1. Adaptive Media Streaming
- Motivation: what is adaptive media streaming and why is streaming over HTTP so popular?
- Background on MPEG-DASH standardization, the enabler for interoperable streaming over HTTP
- Media Presentation Description (MPD), segment formats (ISOBMFF, M2TS, [WebM]), profiles, deployments (DASH Industry Forum)
2. Quality of Experience
- What is Quality of Experience in general and for Adaptive Media Streaming?
- Influence factors and features of QoE in general for Adaptive Media Streaming
- QoE assessment with crowdsourcing:
- Concept of crowdsourcing and its applicability for QoE tests
- Challenges and key issues for designing and evaluating crowdsourcing user studies
- Best practices on design and statistical evaluation
3. Evaluation Results and Best Practices
- This section will cover recent results from the presenters and others
- Framework for deriving the optimal QoE for adaptive streaming
- QoE results related to AMS as guideline for designing user-centric adaptation logics: adaptation of frame rate, image quality, resolution, and impact of quality switches on the QoE
Biographies of the presenters:
Christian Timmerer received his M.Sc. (Dipl.-Ing.) in January 2003 and his Ph.D. (Dr.techn.) in June 2006 (for research on the adaptation of scalable multimedia content in streaming and constraint environments) both from the Alpen-Adria-Universität Klagenfurt.
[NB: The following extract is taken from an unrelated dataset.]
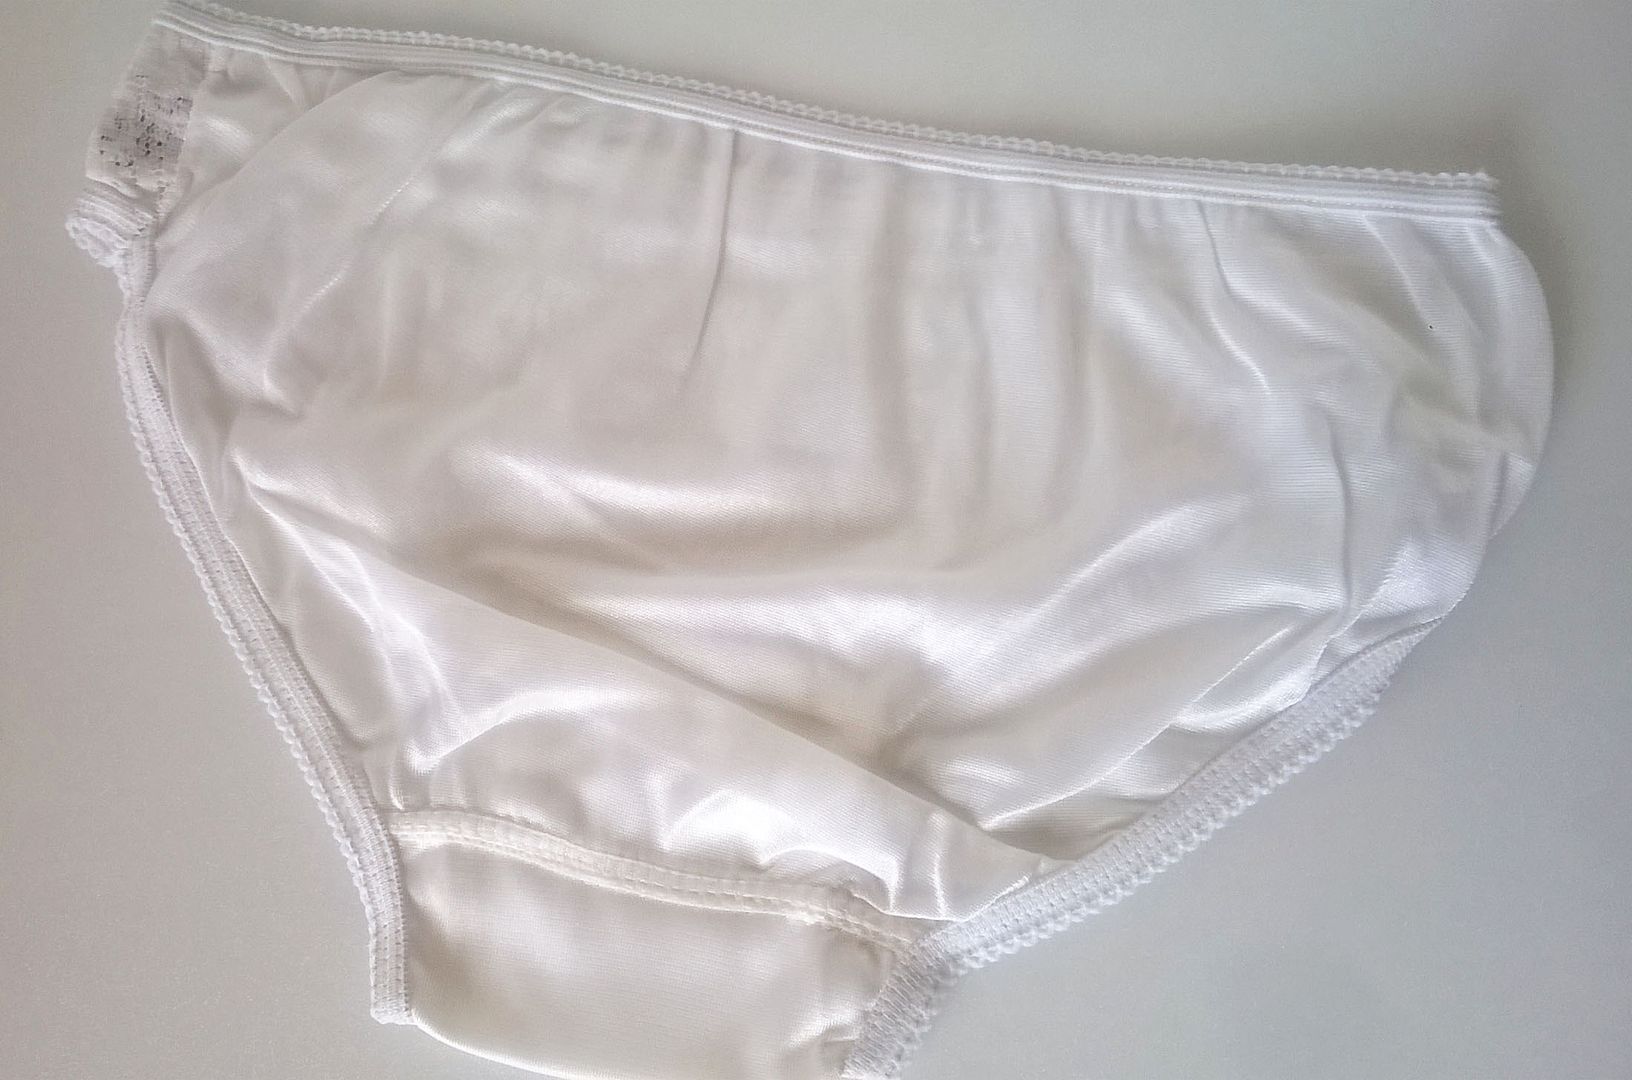 1960s Silky Vintage White Nylon Lace Panties Knickers Ladiesteen
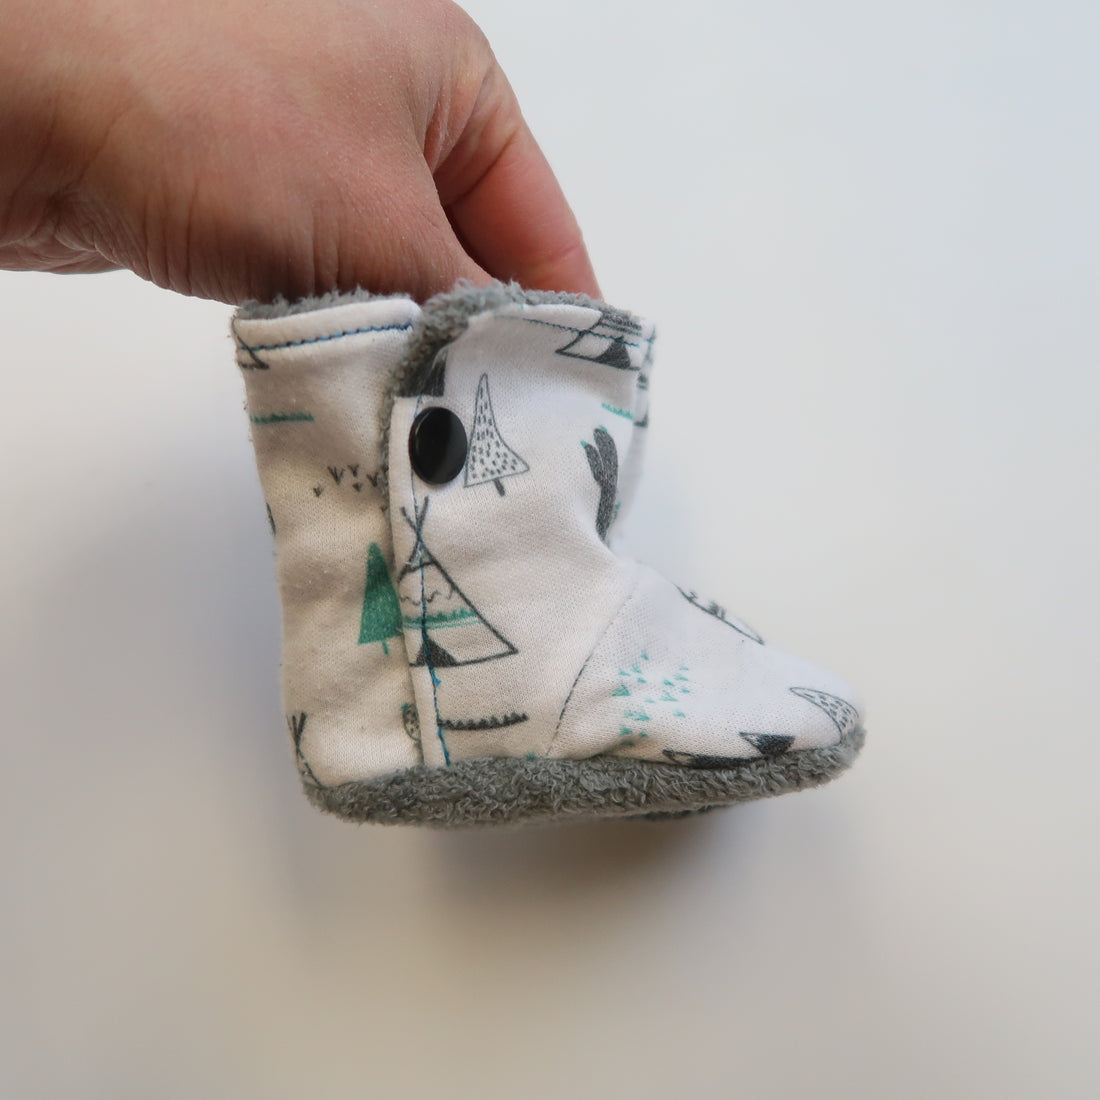 Handmade - Booties (Shoes - 0-6M)

He joined the Alpen-Adria-Universität Klagenfurt in 1999 (as a system administrator) and is currently a Senior Assistant Professor at the Institute of Information Technology (ITEC) within the Multimedia Communication Group. His research interests include immersive multimedia communication, streaming, adaptation, Quality of Experience, and Sensory Experience.
Tobias Hoßfeld is full professor and head of the Chair “Modeling of Adaptive Systems” at the University of Duisburg-Essen, Germany, since 2014. He finished his PhD in 2009 and his professorial thesis (habilitation) “Modeling and Analysis of Internet Applications and Services” in 2013 at the University of Würzburg, Chair of Communication Networks, where he was also heading the “Future Internet Applications & Overlays” research group. He has been visiting senior researcher at FTW in Vienna with a focus on Quality of Experience research. His main research interests cover social networks, crowdsourcing platforms, content distribution networks and clouds, as well as investigations on Quality of Experience and Traffic Management for Internet applications like Skype, YouTube, Web Browsing or cloud applications in general. The chair researches in the area of measurement, modeling, evaluation and optimization of adaptive systems in order to solve real world problems.